Problem details: Copy the listing below exactly, but skip the pictures.
--- Input data Enclosed Below ---
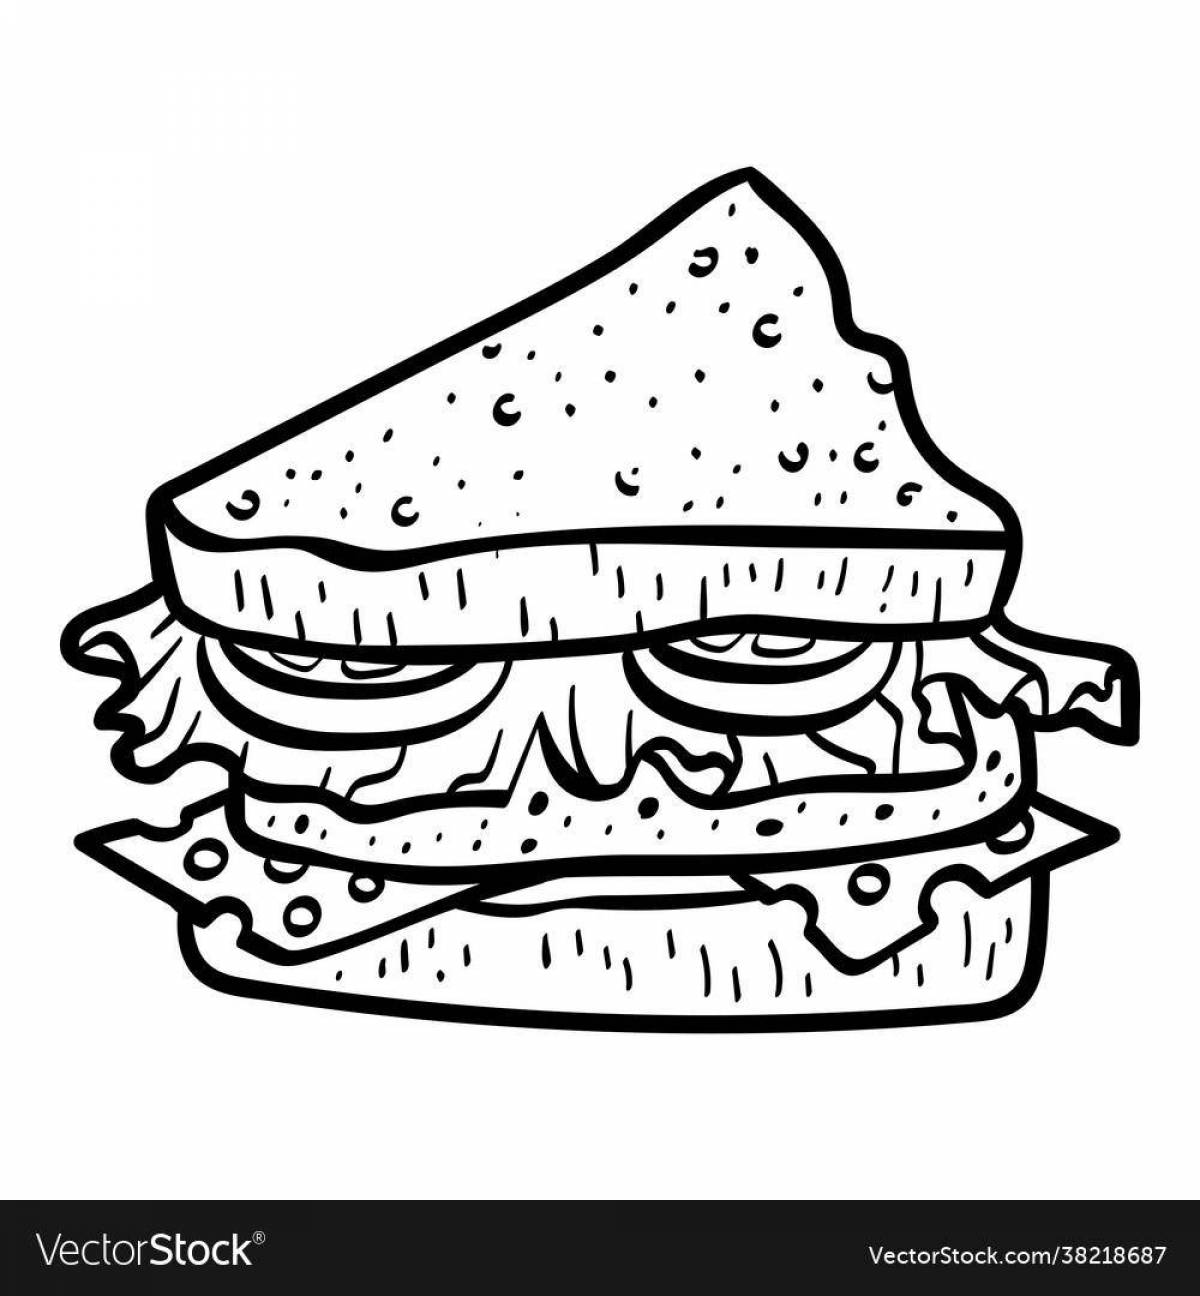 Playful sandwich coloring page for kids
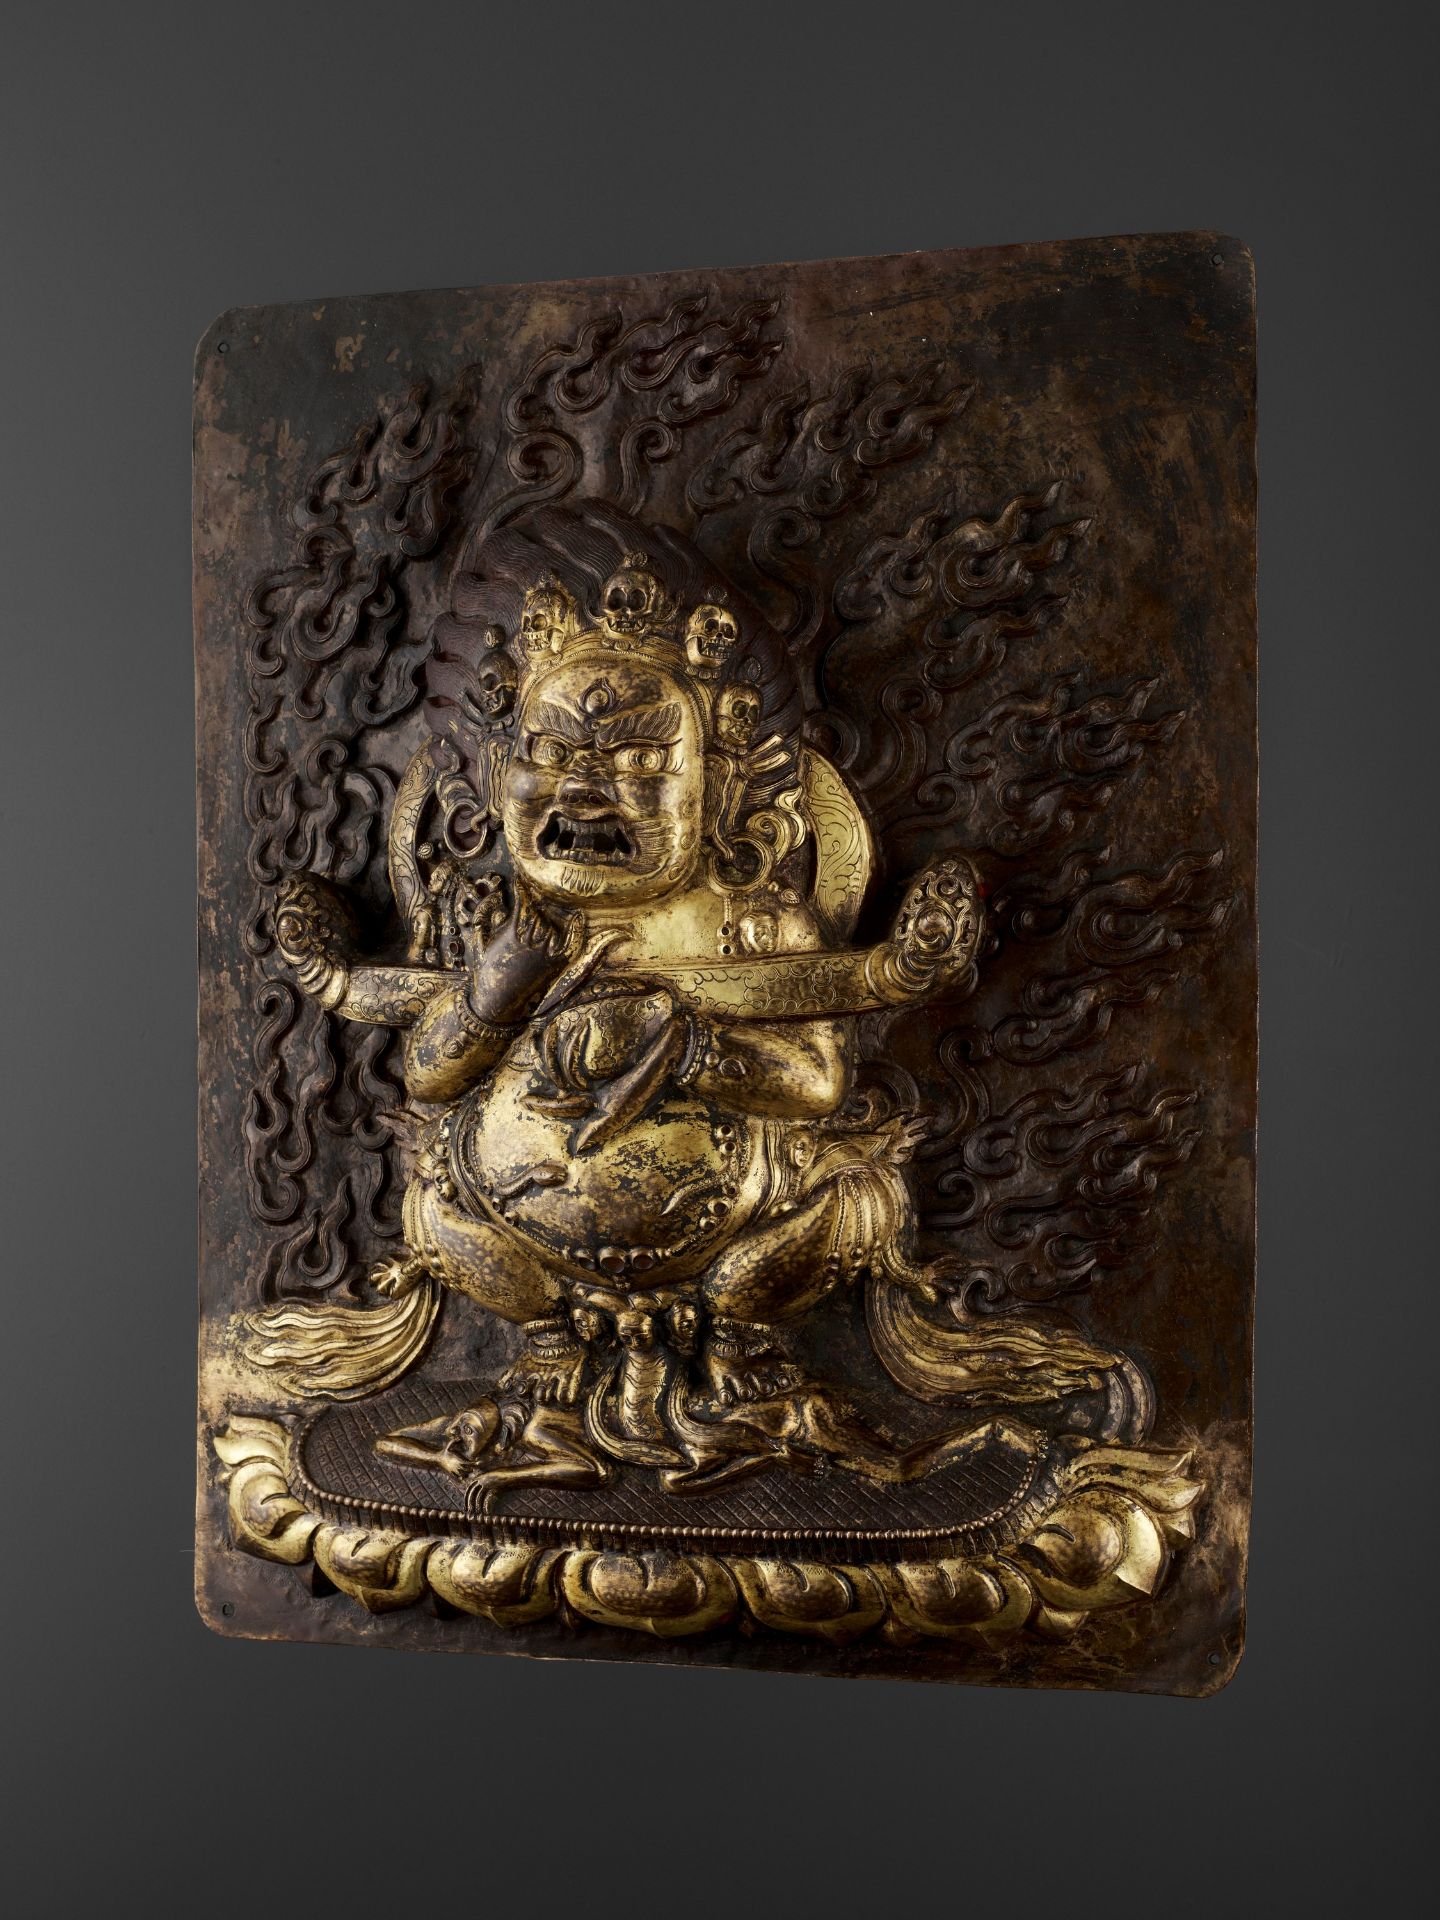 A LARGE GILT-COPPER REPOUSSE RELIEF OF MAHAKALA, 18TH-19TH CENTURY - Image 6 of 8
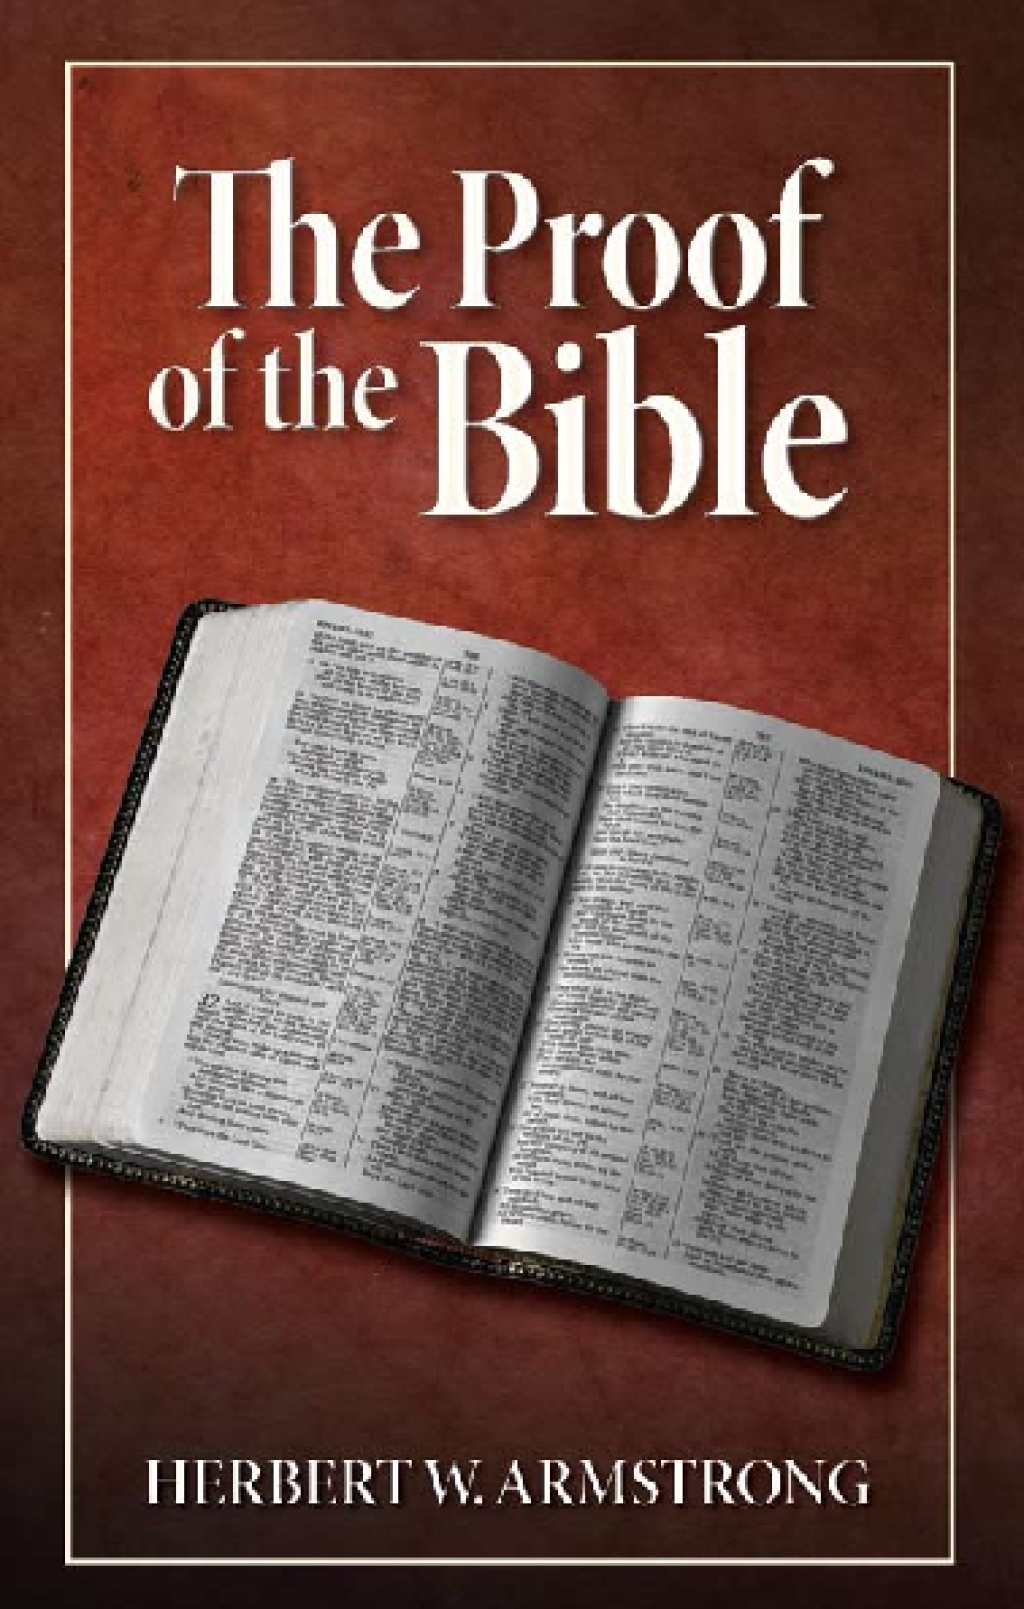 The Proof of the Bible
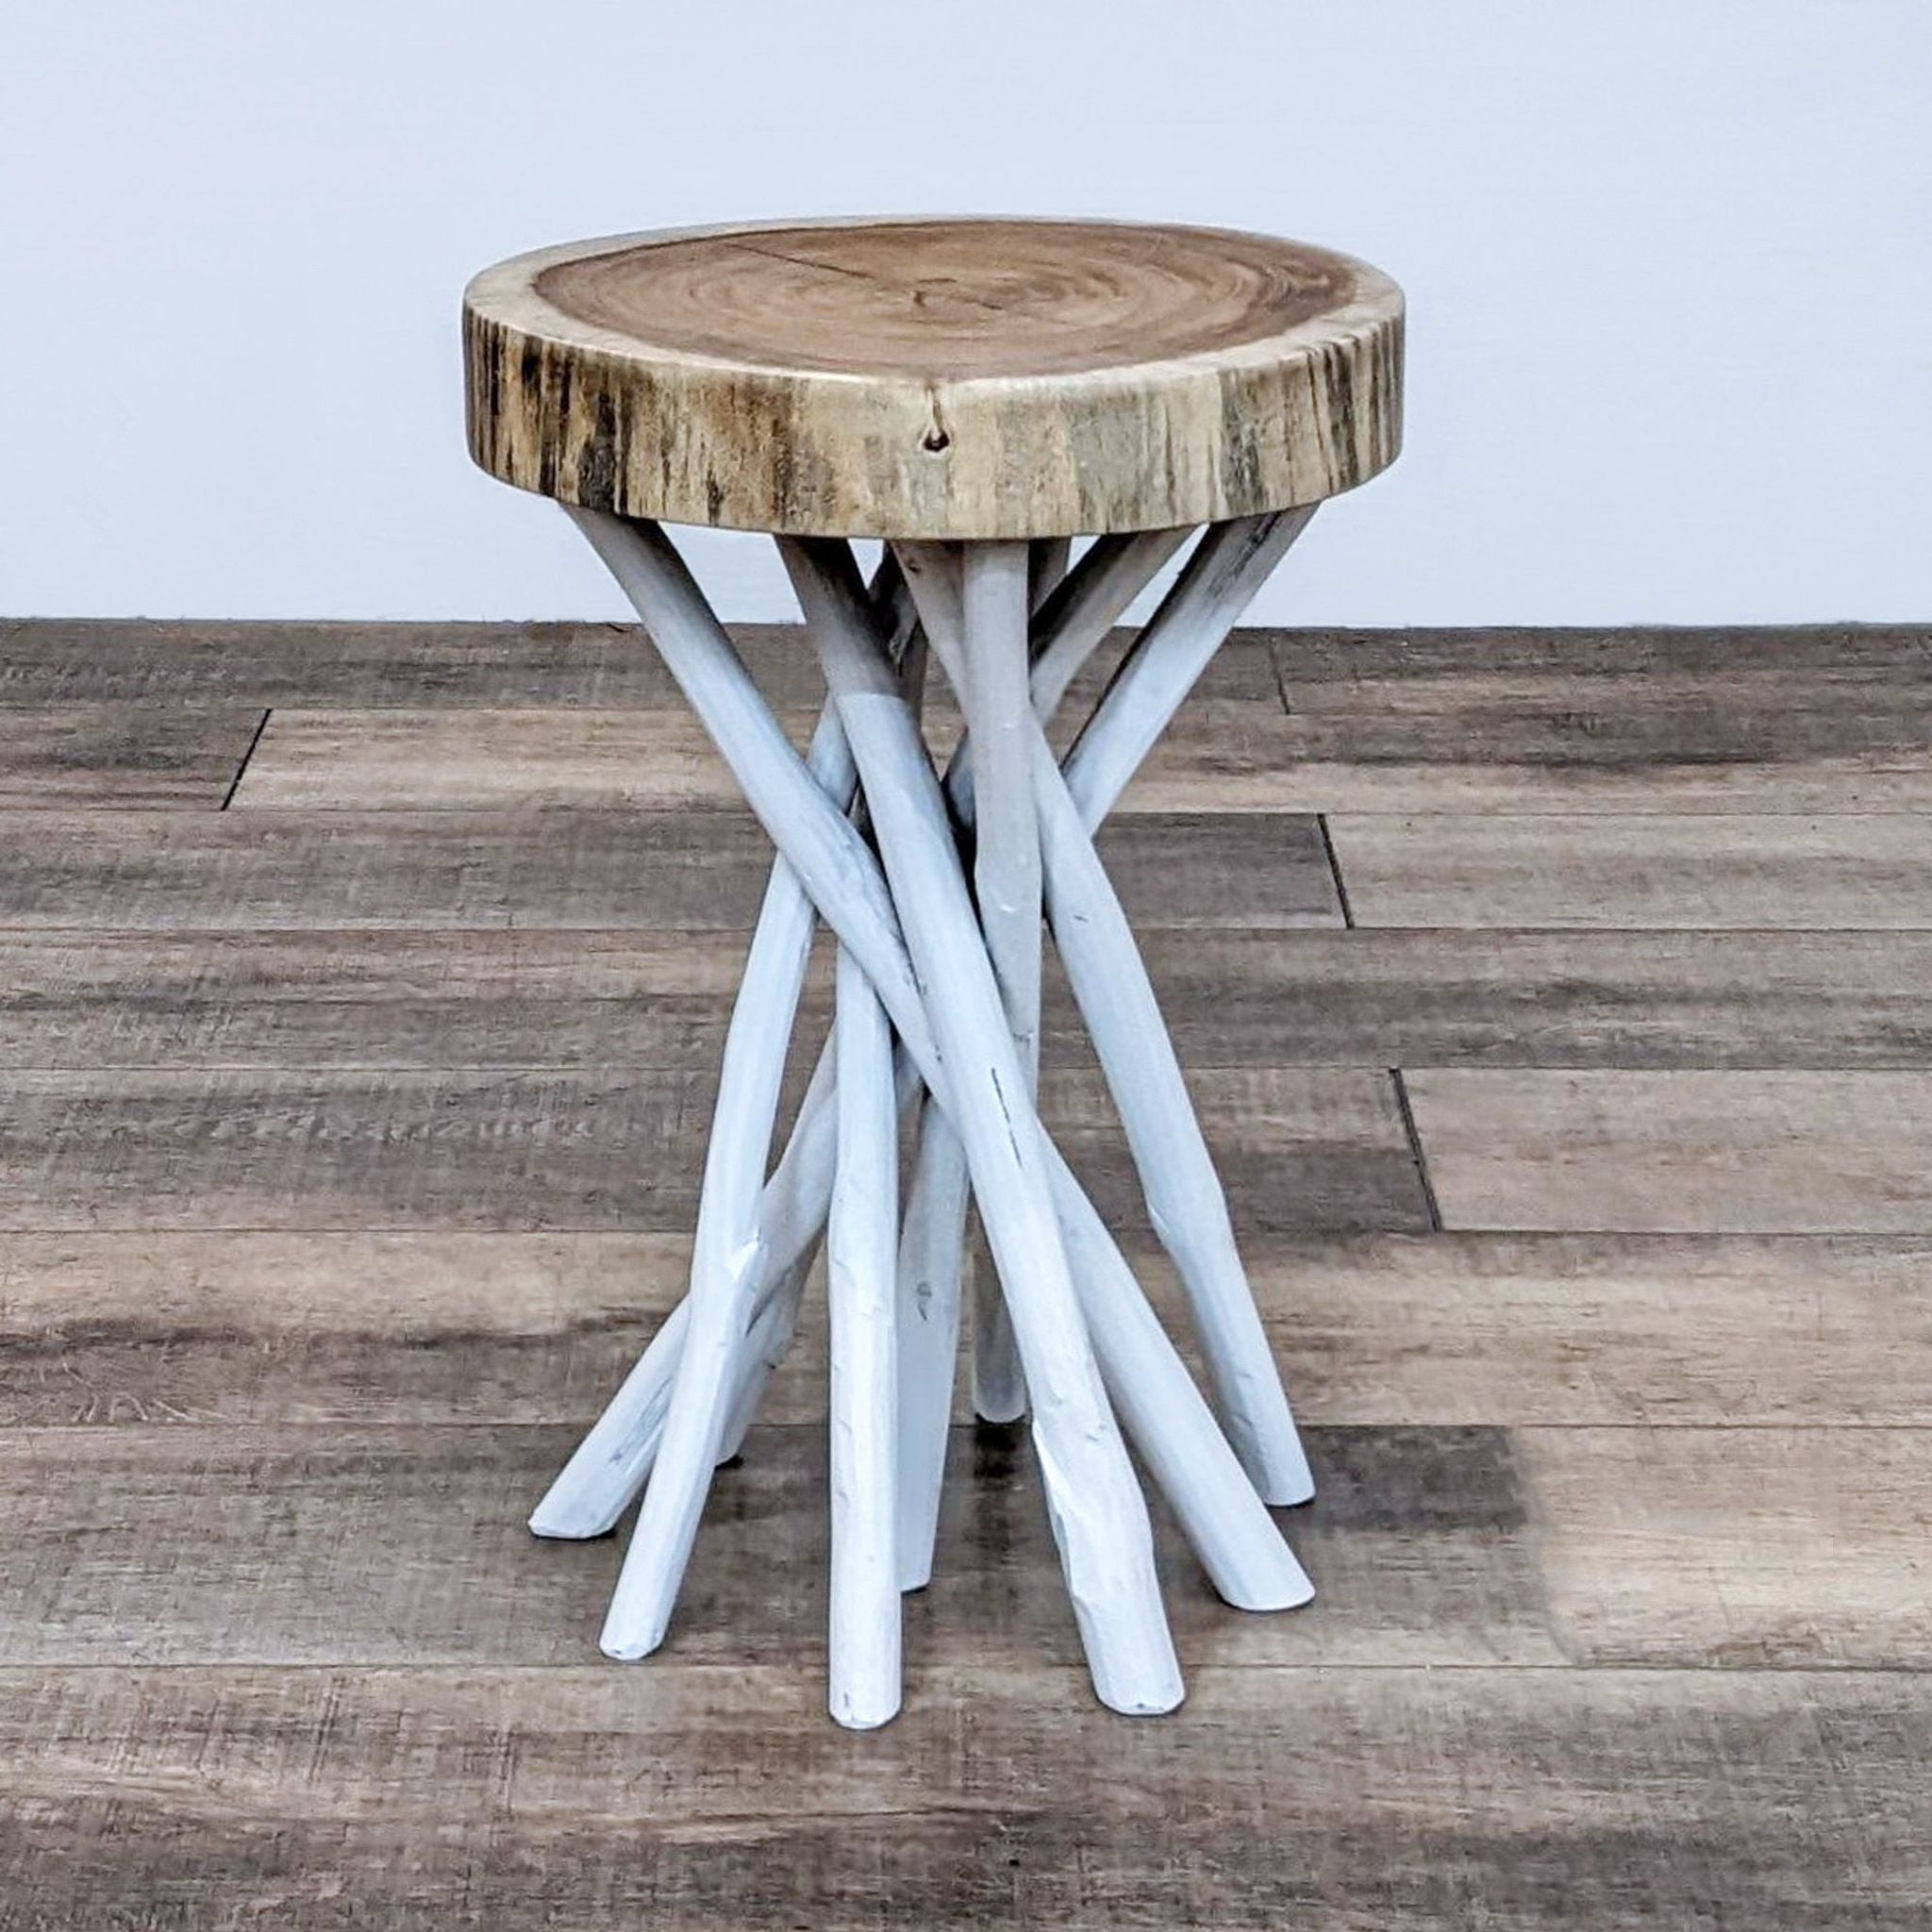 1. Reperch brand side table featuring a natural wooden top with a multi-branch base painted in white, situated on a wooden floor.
--- End of Enclosed Input data ---
Output below:
 Playful sandwich coloring page for kids
 A LARGE GILT-COPPER REPOUSSE RELIEF OF MAHAKALA, 18TH-19TH CENTURY - Image 6 of 8
 The Proof of the Bible
 1. Reperch brand side table featuring a natural wooden top with a multi-branch base painted in white, situated on a wooden floor.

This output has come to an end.